The chords are fully formattable, just like the rest of the document. Change the font, adjust the size, pick a color, make them bold. The lyrics underneath have all the same controls. You can make a chorus look different from a verse, increase the font size for readability on stage, or color-code sections however you want.

That's the difference. Most chord sheet tools either render a ChordPro file or give you a plain-text editor with a music-specific veneer. Chordly gives you a real document editor designed around the way musicians actually work.

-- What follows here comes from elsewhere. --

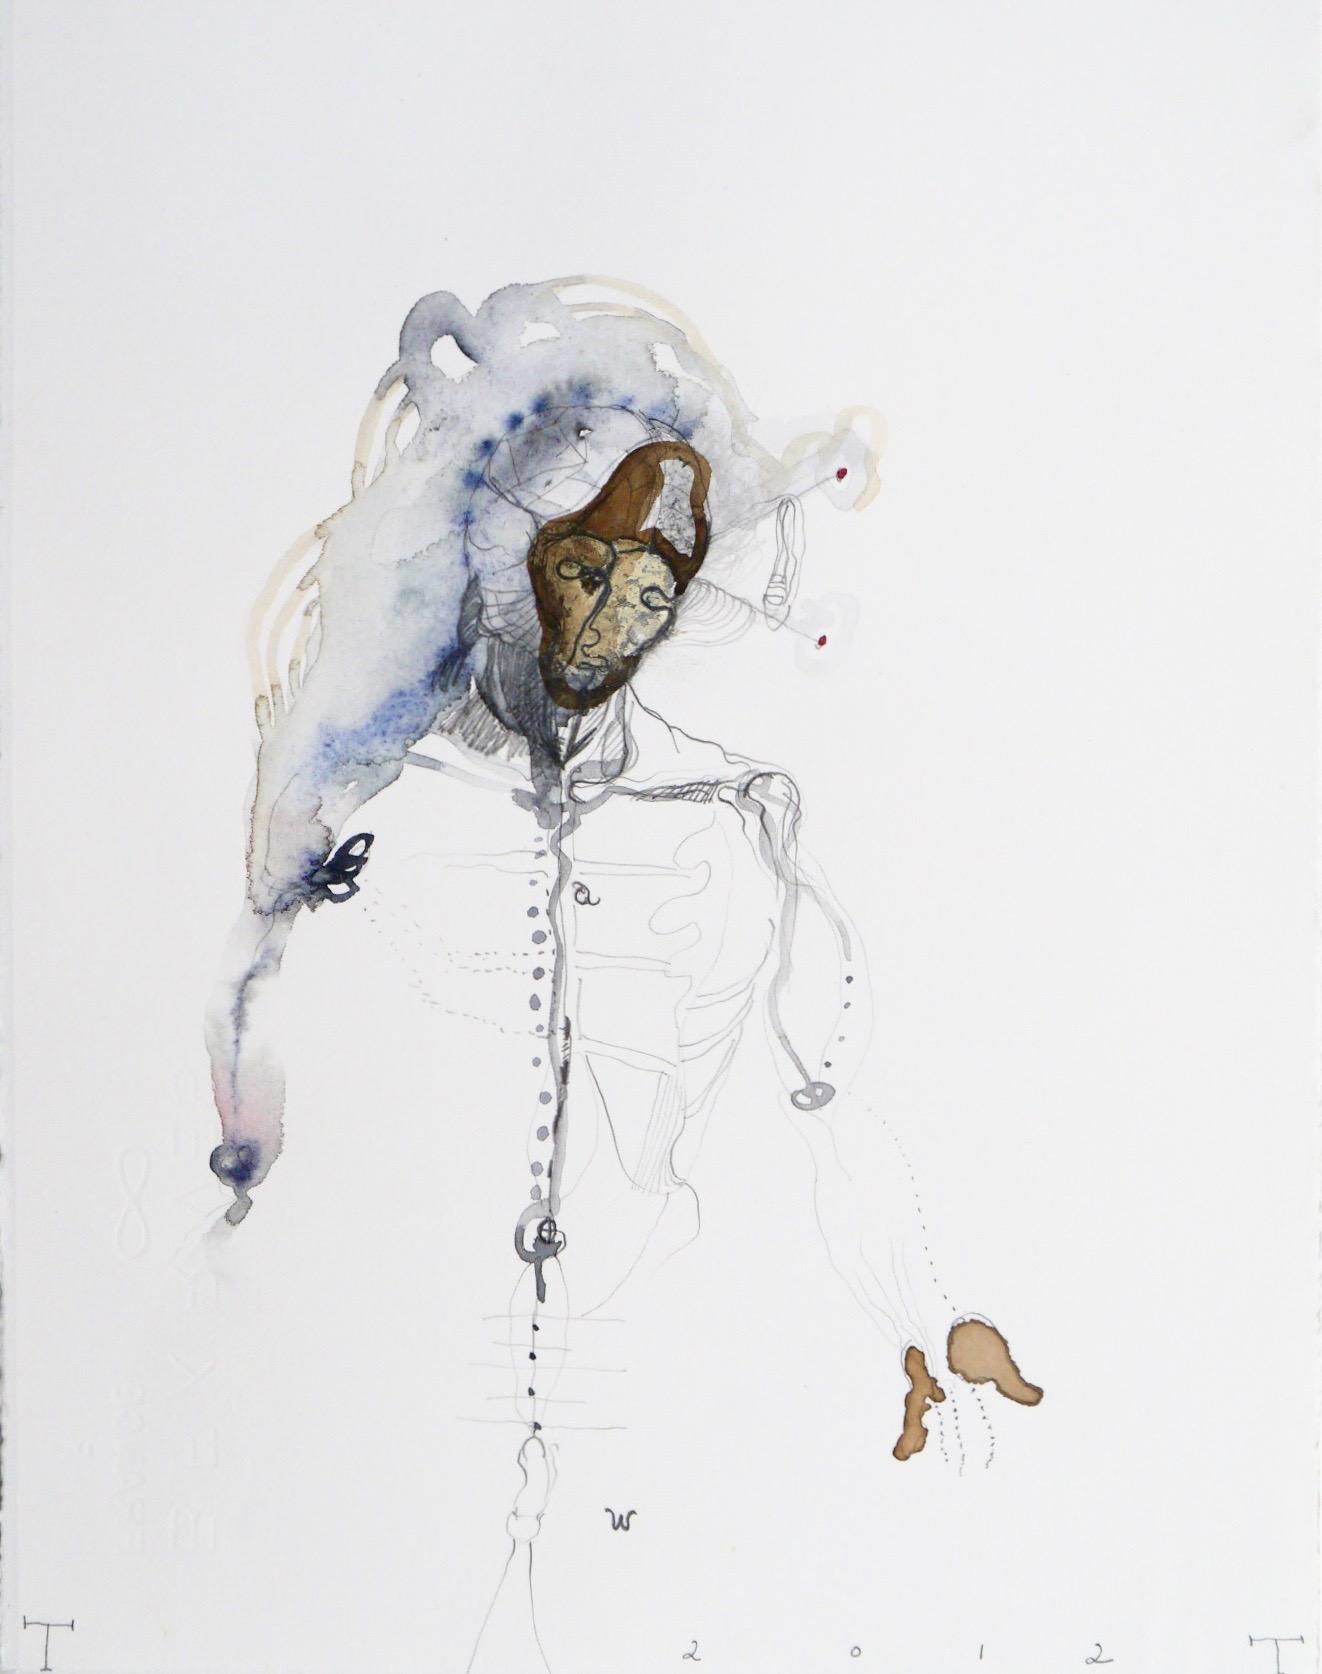 Vesalius study, mixed media on paper, 33 X 25 cm, 2012

What else Chordly lets you do

Guitar tabs

The editor also has a tab staff: a full guitar tab notation environment that drops into your document as a block. You can mix chord sheet sections and tab sections in the same song, which is useful for arrangements that combine rhythm playing and lead passages.

Perform your songs

Every song has a Play Mode: a full-screen view designed for reading on stage or in practice. Autoscroll keeps the page moving at the speed you set so your hands can stay on the guitar. The built-in metronome gives you a click track, and you can transpose the chords in real time to match a capo position or a different key without editing the song itself.

Work with others

Songs can be shared with other Chordly users. You control whether they can view or edit, and changes in a shared editing session appear in real time.


Where to start

The Quick Start gets you from a new account to a finished song in a few minutes. From there, the rest of the docs follow what you're doing:

FAQ

Is Chordly free to use?
Yes. Chordly has a free plan with unlimited songs, chord sheets, guitar tabs, Play Mode, autoscroll, and transposing. Pro adds PDF downloads, an AI assistant, real-time collaborators, and ChordPro import and export.
Does Chordly work on mobile?
Chordly is a web app that runs in your browser on any device. The editing experience is designed primarily for desktop, but Play Mode works well on mobile for reading charts while performing.
Do I need to download anything?
No. Chordly runs entirely in the browser and does not require any download or installation.
Can I import my existing chord sheets?
Yes, if they are in ChordPro format. Chordly can import .chordpro, .cho, and compatible files. ChordPro import is a Pro feature.
Can I share songs with people who do not have a Chordly account?
You can export any song to PDF and share that file with anyone. For live sharing, the recipient will need a Chordly account to view or edit the song in the app.
What makes Chordly different from other chord sheet apps?
Chordly is a visual document editor, not a text-based ChordPro renderer. You drag chords onto your lyrics and see the finished result as you work, with full control over fonts, colors, spacing, and layout.